I favor rather solemn fabrics generally, preferring not to draw attention with anything except my music. I do, at long last, own a lavishly embroidered black velvet cloak with a lining of red satin, something I saw Luisa’s mother wear once and longed for inordinately. My occasions to don such a cloak are not infrequent, as I am escorted to the theater or a ball from time to time by any of a number of distinguished gentlemen. (Often we travel in a carriage as elegant as any gondola, with ornamented wheels, brocaded silk interiors, and windows made of glass.) One suitor in particular has taken my eye, but has not turned me lovesick, I am pleased to say. I gaze on all of them with a more level scrutiny that Anetta would indeed approve of.
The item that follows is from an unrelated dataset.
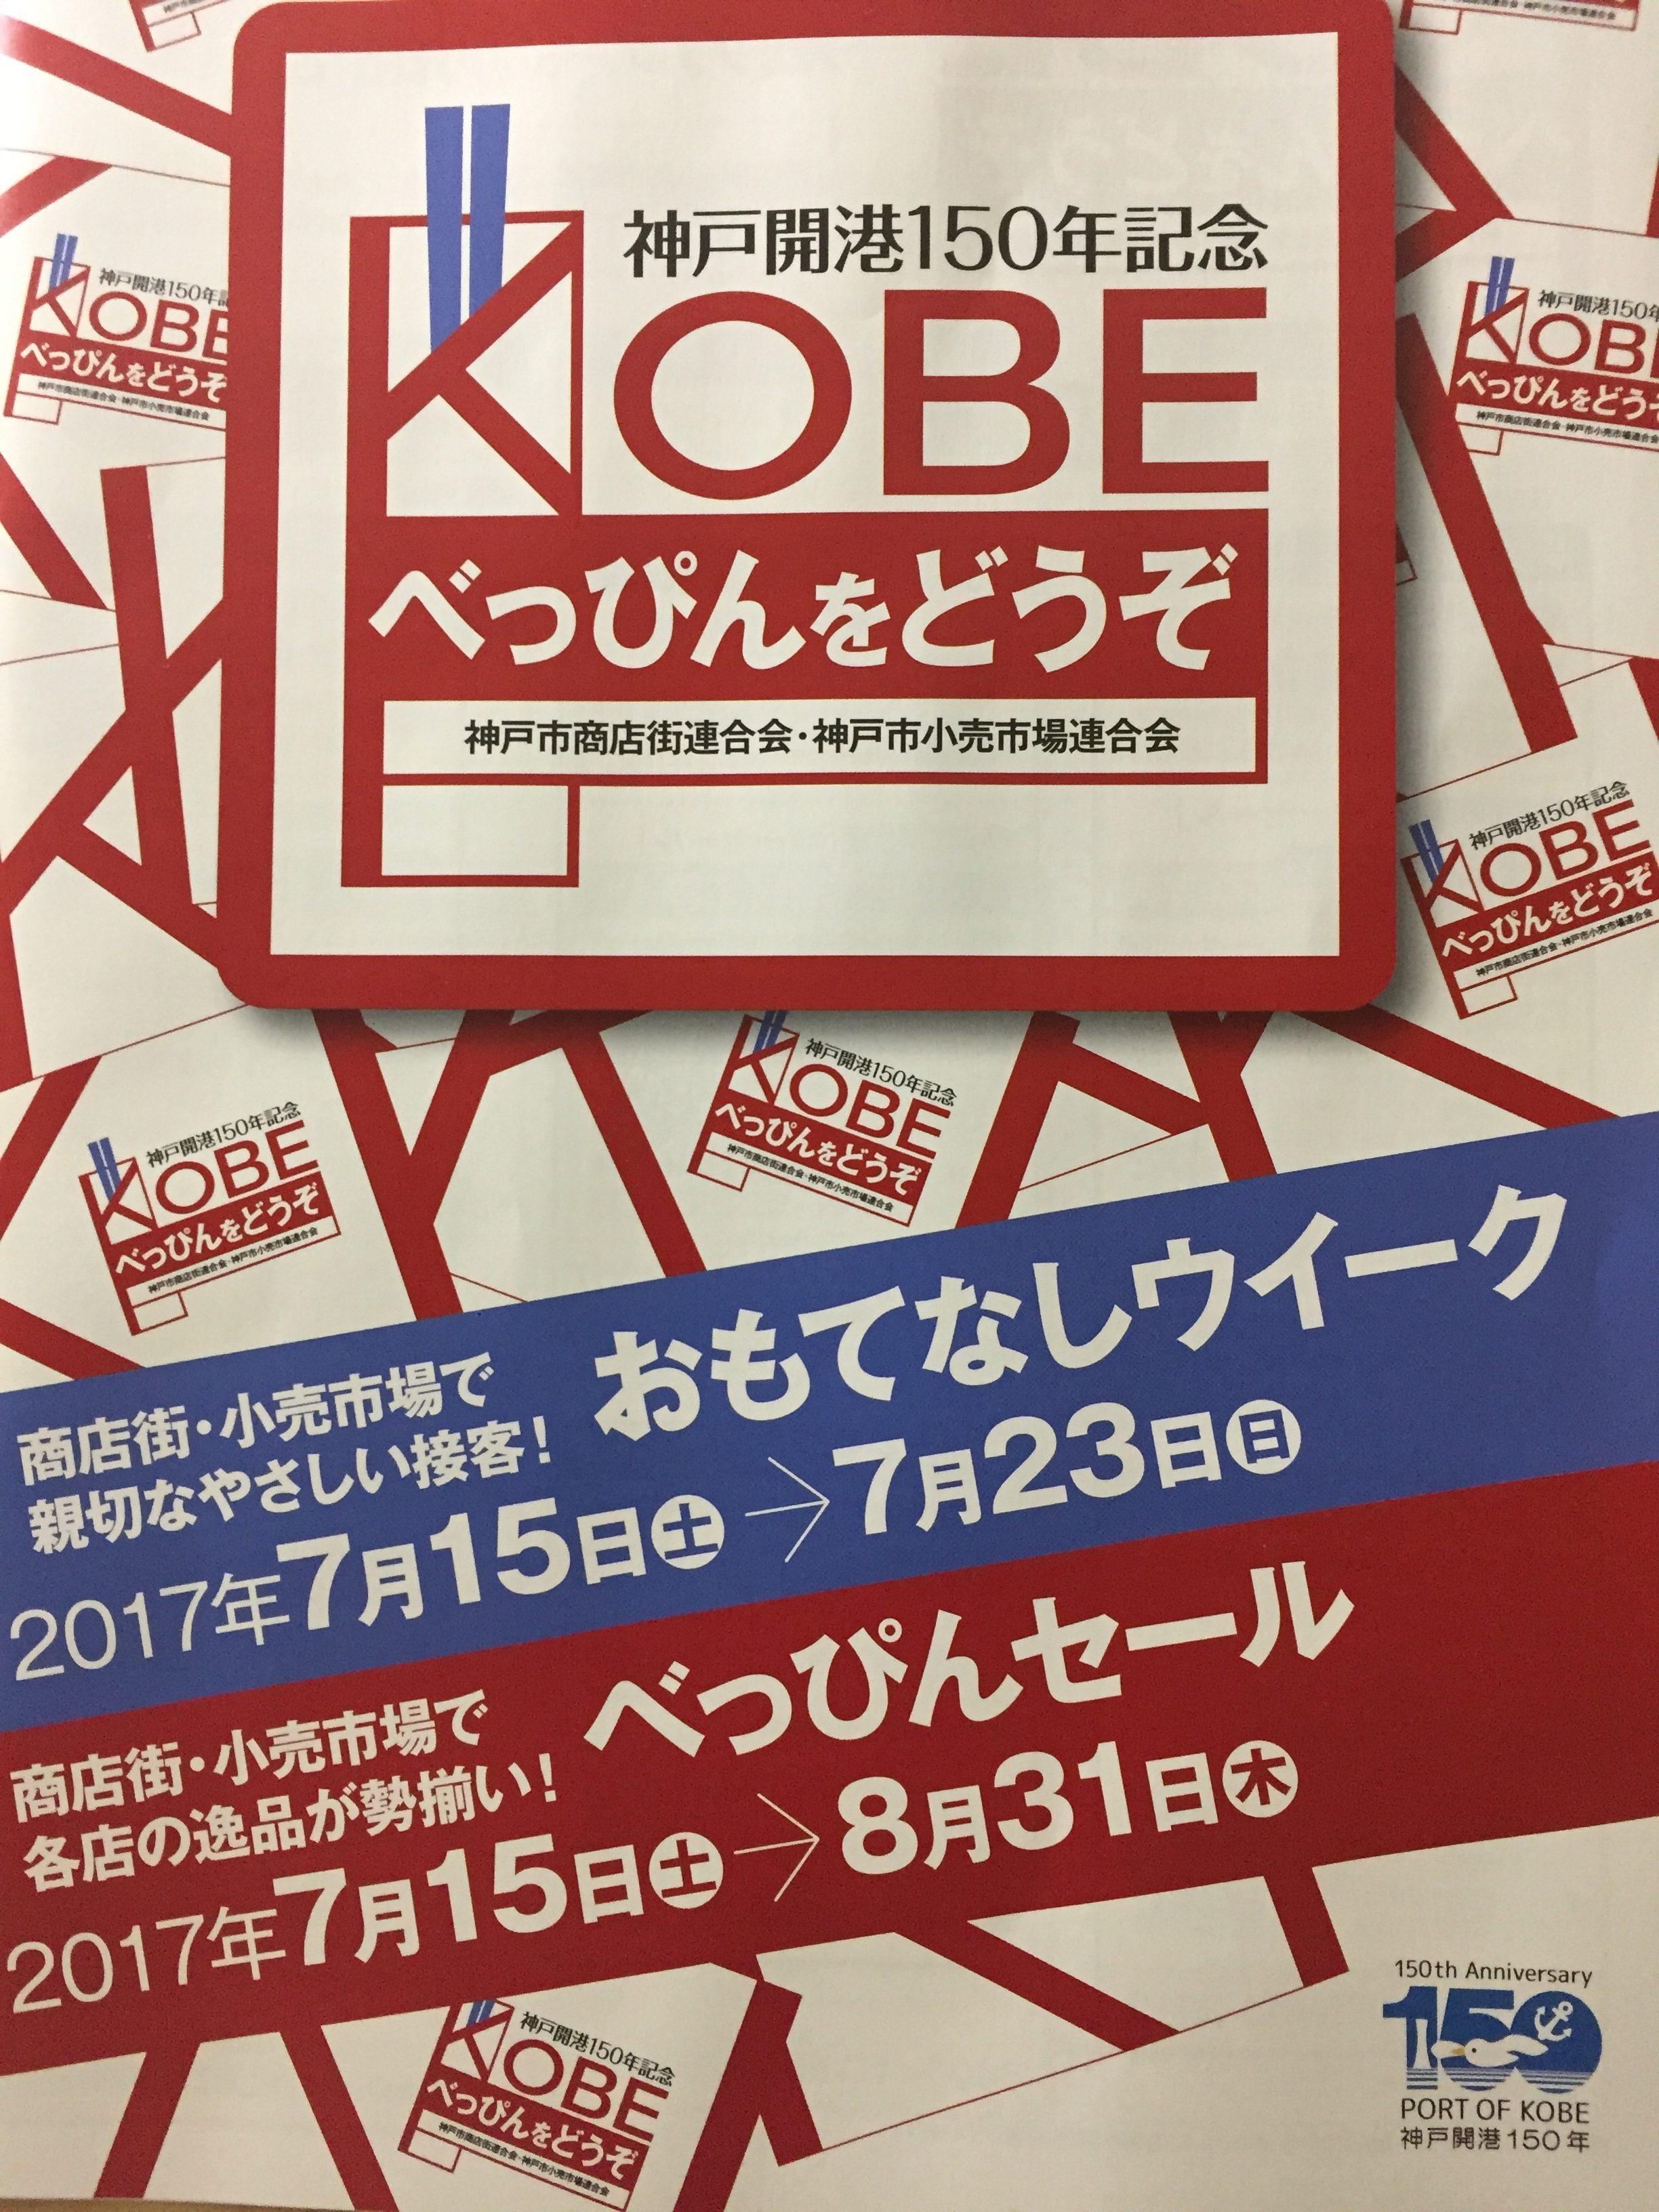 神戸市の商店街と市場で、神戸開港150年記念「おもてなしウィーク」と「べっぴんセール」が開催されるよ! #神戸開港150年

It has been mentioned in the newspapers when, on occasion, Father Vivaldi has come here on his way to visit his publisher, Estienne Roger, in Holland, or to mount another opera in Vienna, but we have not met. I like to think that he has sometimes been in the audience when I have performed, and I imagine the places in my solos with which he would have found fault, where he would have instructed me to make some small improvements, the sections he would have complimented.
When his first oratorio,
Moyses Deus Pharaonis,
was performed at the Pietà, I chanced upon the program notes that one of my musician friends had procured. But when I looked for Luisa Benedetto’s name within it, I was surprised to find that Anastasia had sung the part of Sapens Primur that had been written for Luisa. The part of Moyses had been sung by Barbara; that of Aaron, by Candida. Even Silvia and Michelina had been chosen for small parts.
I’ve lately heard that Father has been named
maestro di concerti,
as well he should be, since he has truly filled that role ever since Maestro Gasparini resigned a few years past. He also plans, I’m told, another large oratorio, this time to stir up patriotism for the Venetian war against the Turks in Corfu. It will be called
Juditha Triumphans.
On hearing this, I thought how, if she is not ill again or has no more contact with the Ospedale, it might be possible for Luisa to be featured at long last in this grand production. I’m even told that four or five arias have basso continuo and full string accompaniment that includes the viola d’amore.
“Five more minutes, Signorina della Pietà,” Gregor, the stage manager, calls through my dressing-room door. I have been closeted here between performances that feature my playing of an oboe concerto by Albinoni. Staying true to the habits of the Ospedale, I never rehearse right before a concert or at an intermission, but try to keep my mind and body as unfettered as Father Vivaldi always cautioned us to do. What better way than to reminisce about my friends there and to call up that magic time.
There is recent talk of a new young singer at the opera house with an astounding voice who they say was trained at the Pietà. Perhaps one day soon I’ll be a member of the orchestra when she performs. Perhaps I’ll look up from the pit during a section when my instrument is idle, and it will be Luisa standing there upon the stage, and I’ll hear her full, resplendent voice resounding from the rafters and shimmering through the glass chandeliers. Perhaps I’ll meet her afterward in the wings and we will hold each other and cry a little, and she will tell me of my Rosa, and I will tell her of my life singing on the streets of Venice and how I wanted Rosa to have something more than that. We’ll talk about Anetta and our many lovely days, the three of us together at the Ospedale, when we and all the other girls so privileged, sang and played for supper and for sustenance and, if we had only known it, for our very lives.